• [Your goal]:
From the first line to the last, output the data exactly as it stands, minus its pictures.

• [Recorded data]:
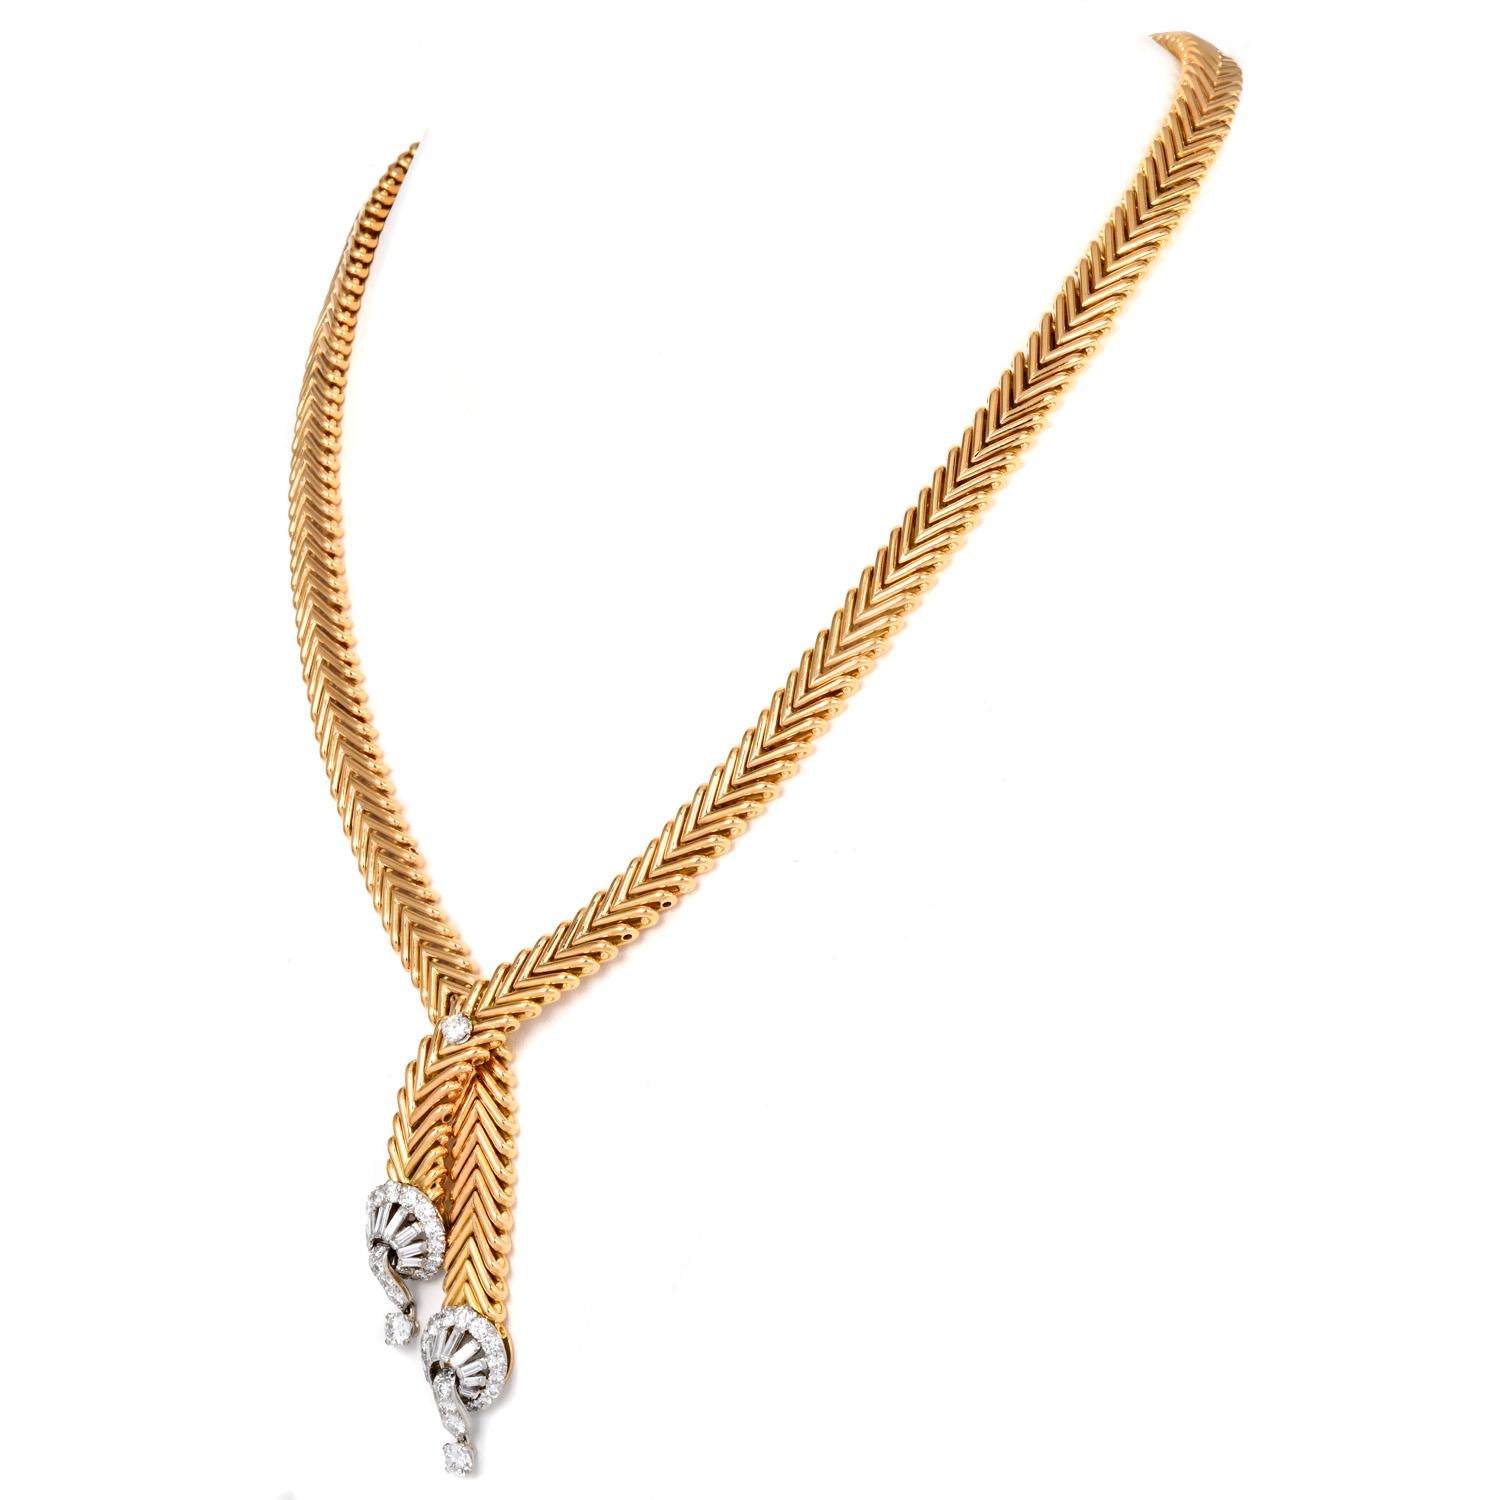 Vom Haus Marchak mit Liebe. Diese meisterhafte Lariat-Halskette besteht aus einem breiten V-Glied, das meisterhaft aus massivem 18-karätigem Gelbgold des bekannten französischen Herstellers Marchak Paris gefertigt wurde.
Mit seiner langen,
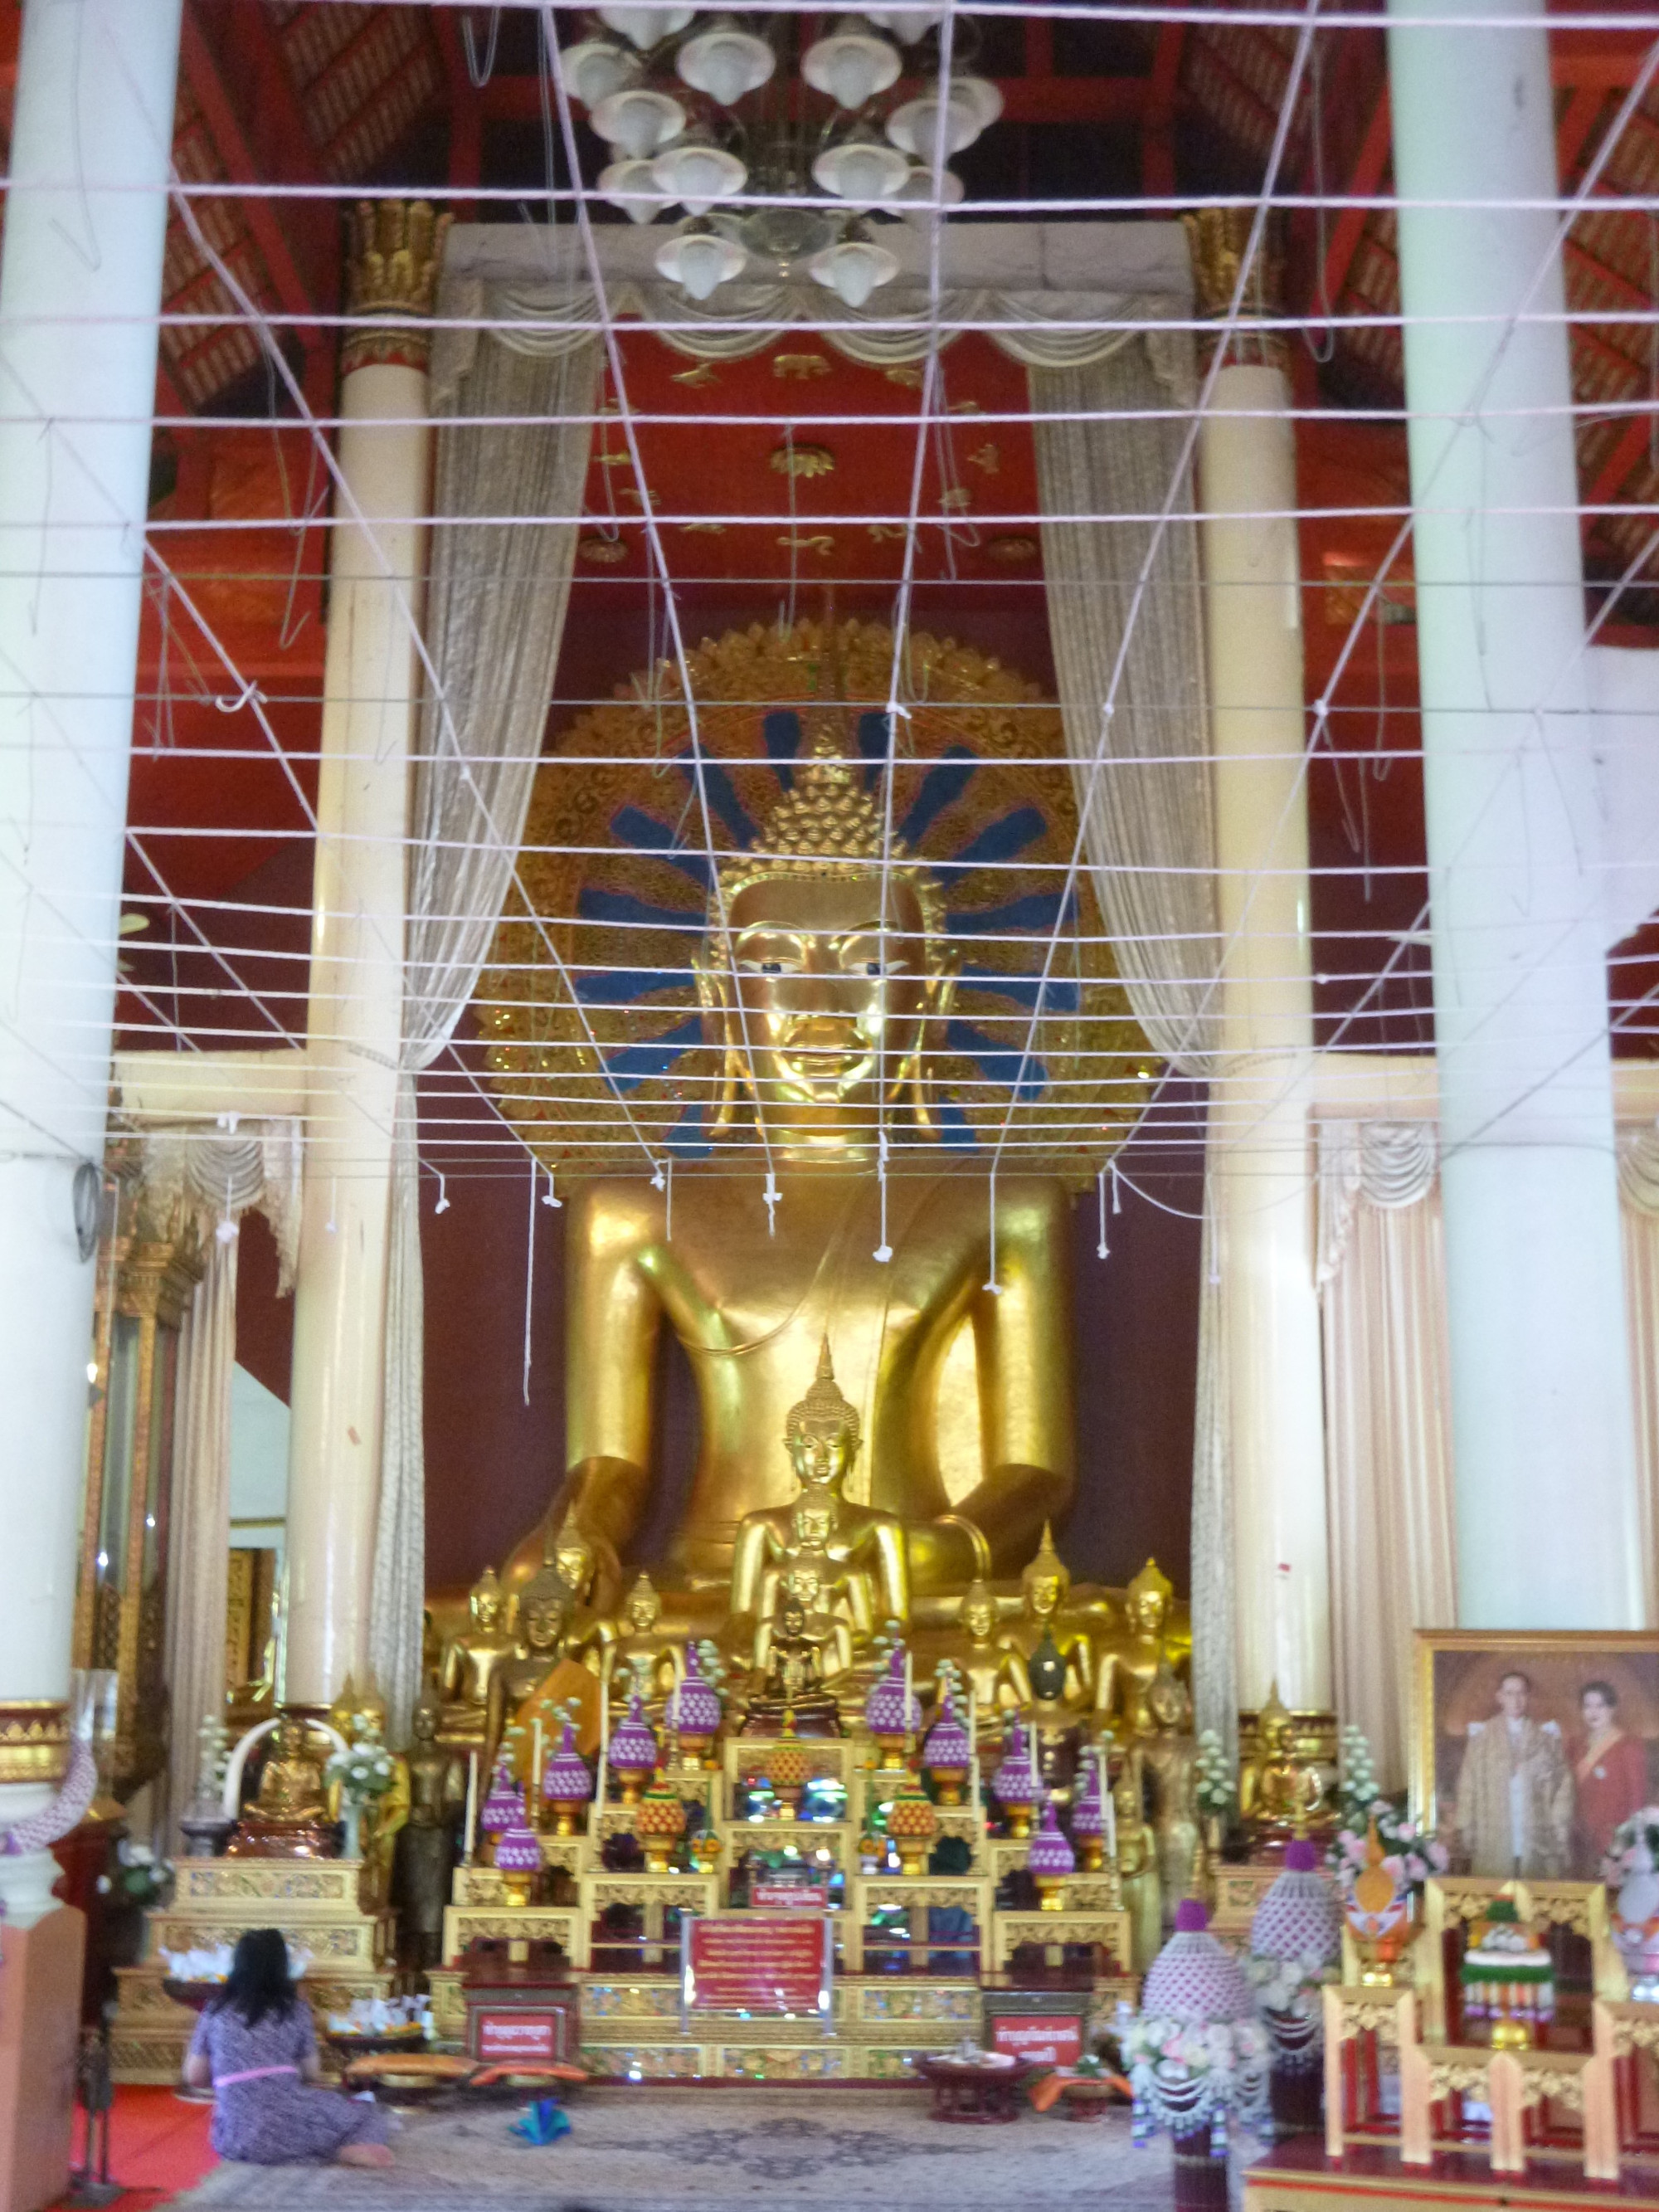 Large Golden Seated Buddha

• [Task solution]:
 Vom Haus Marchak mit Liebe. Diese meisterhafte Lariat-Halskette besteht aus einem breiten V-Glied, das meisterhaft aus massivem 18-karätigem Gelbgold des bekannten französischen Herstellers Marchak Paris gefertigt wurde.
Mit seiner langen,
 Large Golden Seated Buddha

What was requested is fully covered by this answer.